Saved data entries
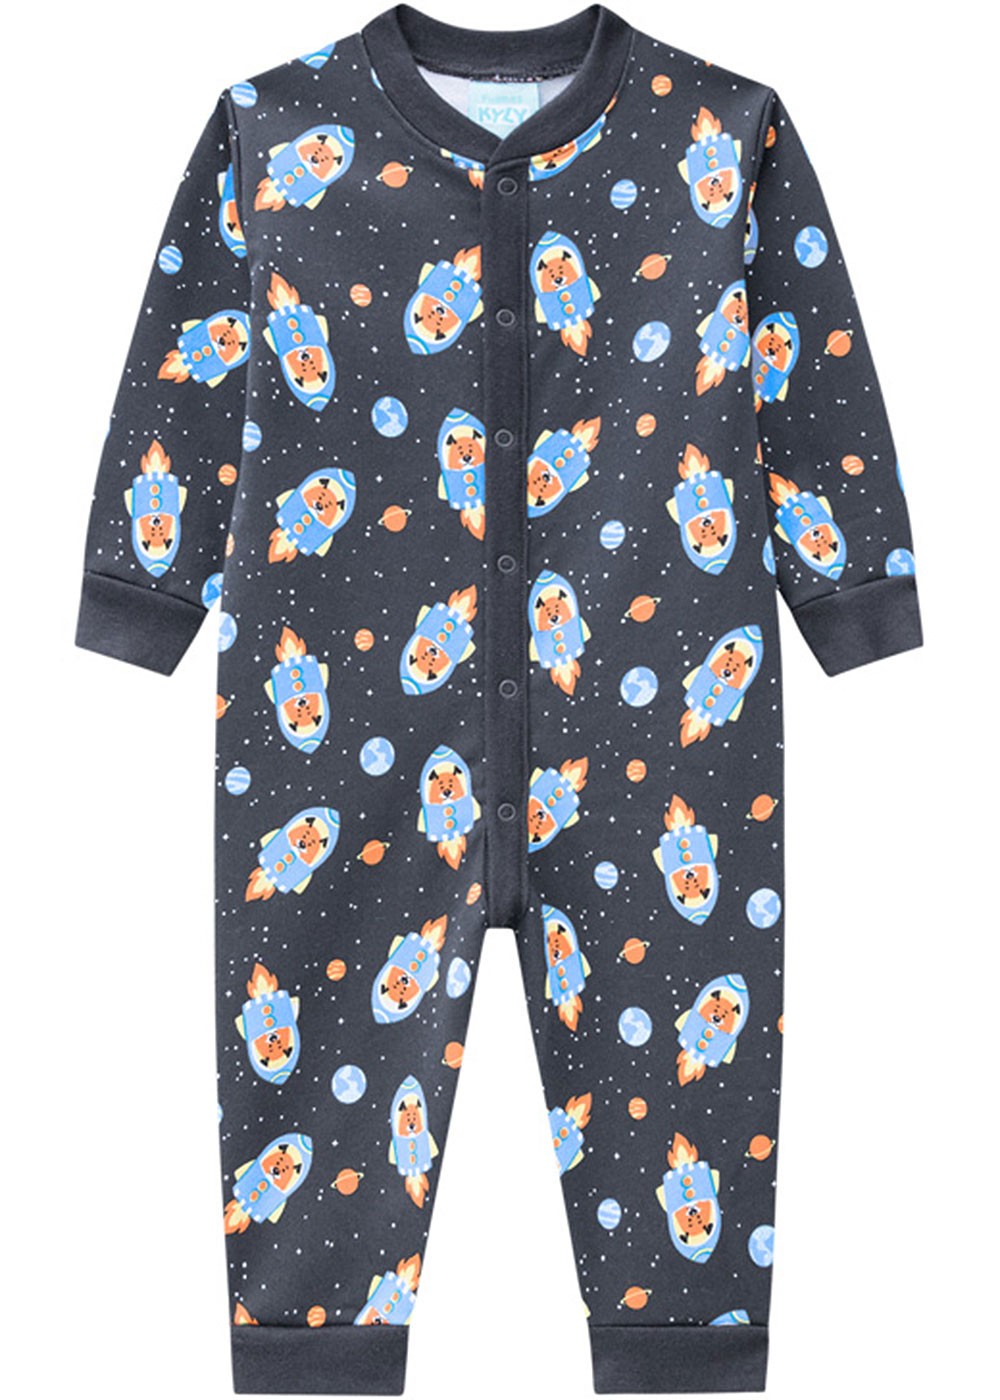 Pijama Infantil Masculino Cinza Estampado Inverno Kyly
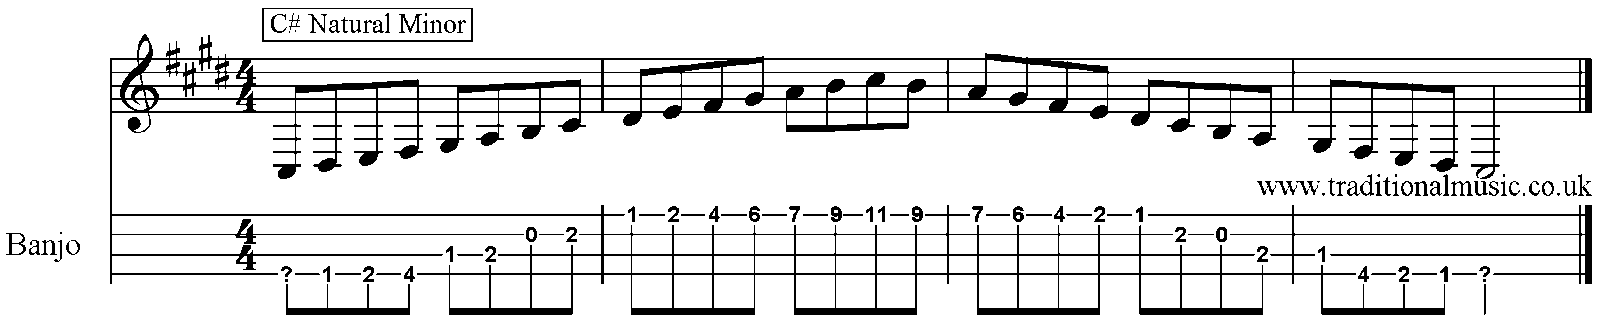 Minor Scales for Banjo C# 
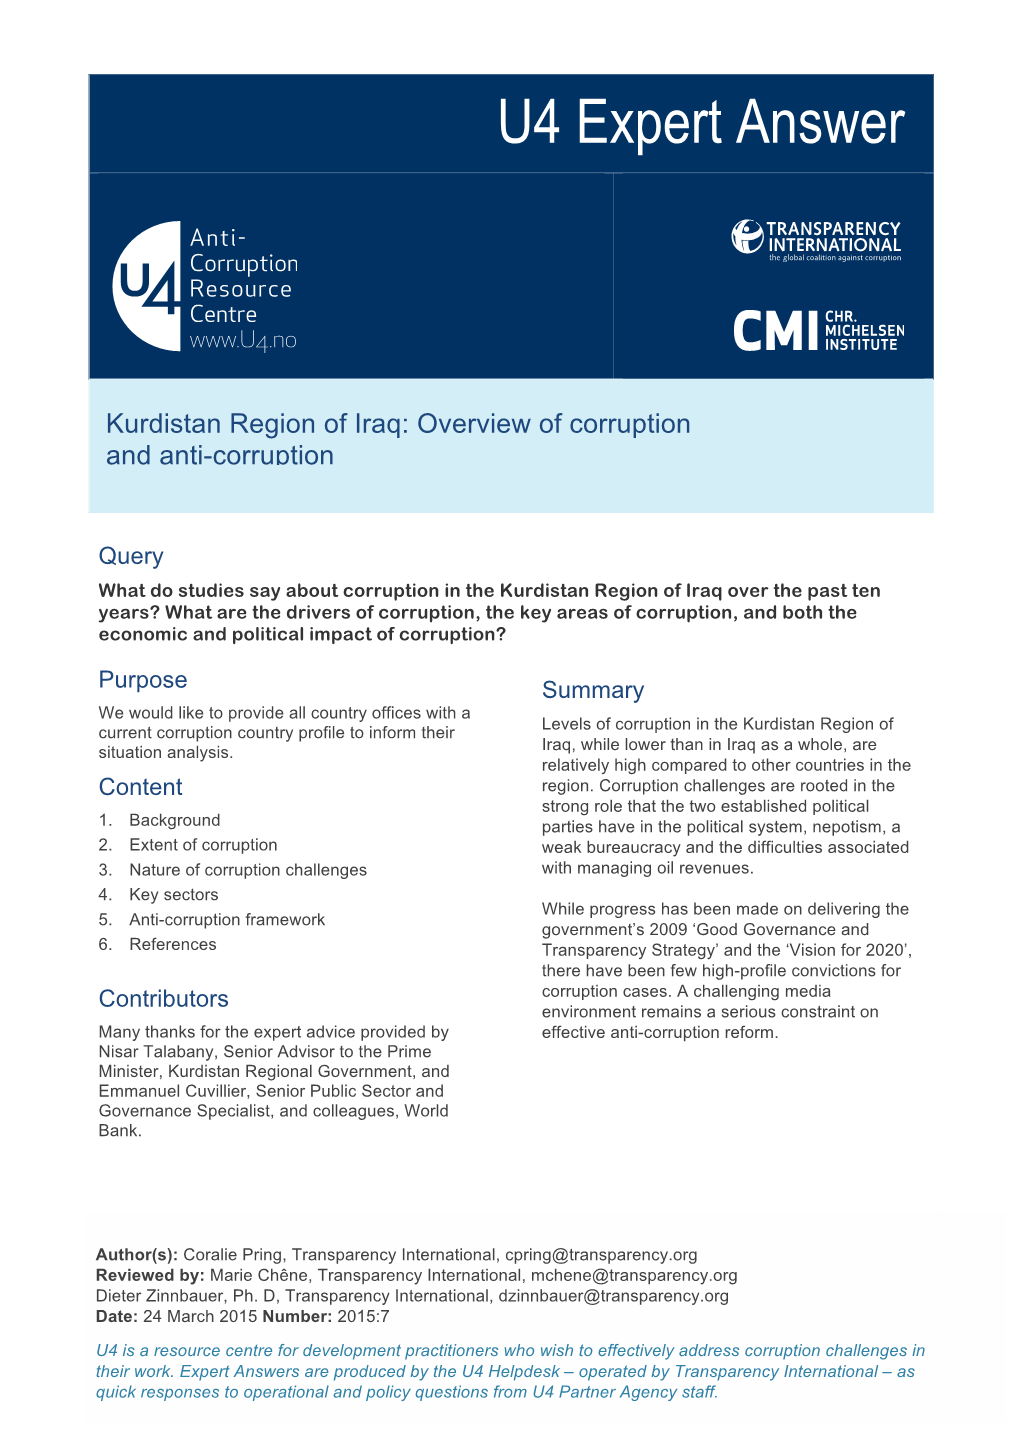 Kurdistan Region of Iraq: Overview of Corruption and Anti-Corruption
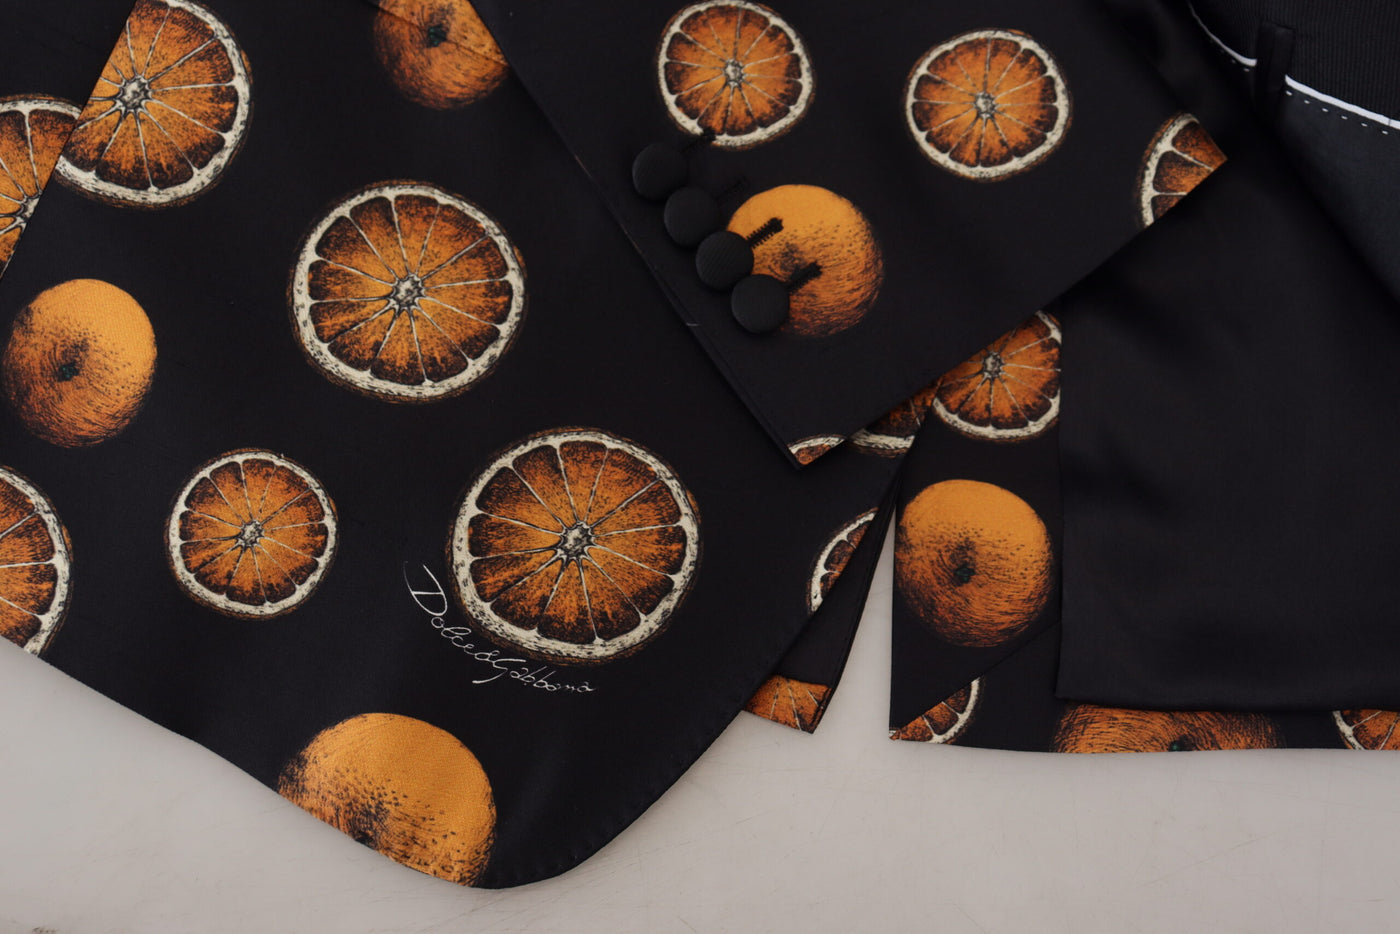 Dolce & Gabbana Black Orange Printed Coat Martini Blazer
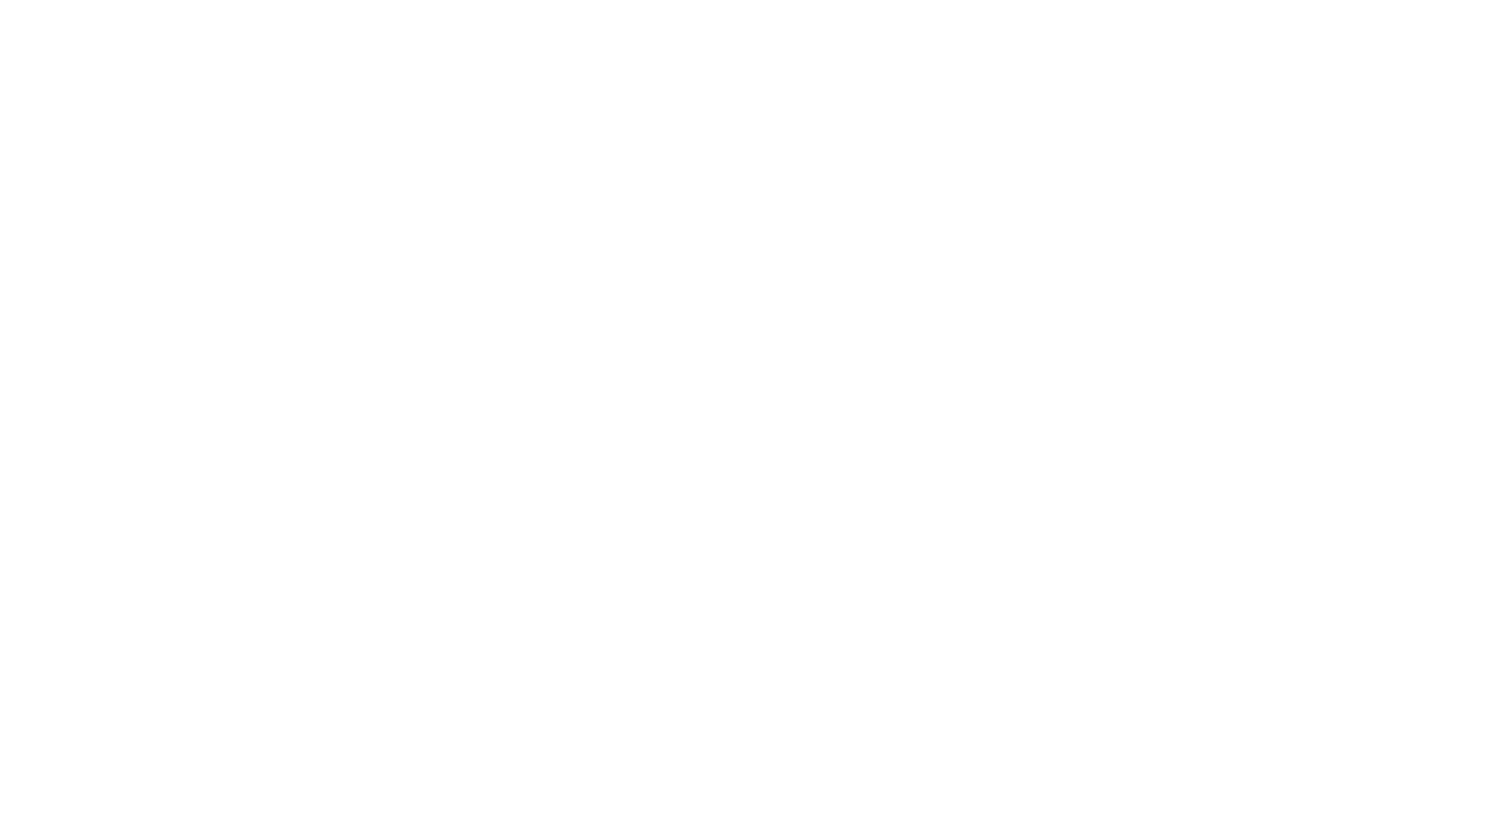 care leaver covenant

=== Work item ===
In the entries above, find the line containing "Kurdistan Region of"; transcribe exactly that line and every line after it through the end, and only those, omitting pictures.

=== Reply to the exercise ===
 Kurdistan Region of Iraq: Overview of Corruption and Anti-Corruption
 Dolce & Gabbana Black Orange Printed Coat Martini Blazer
 care leaver covenant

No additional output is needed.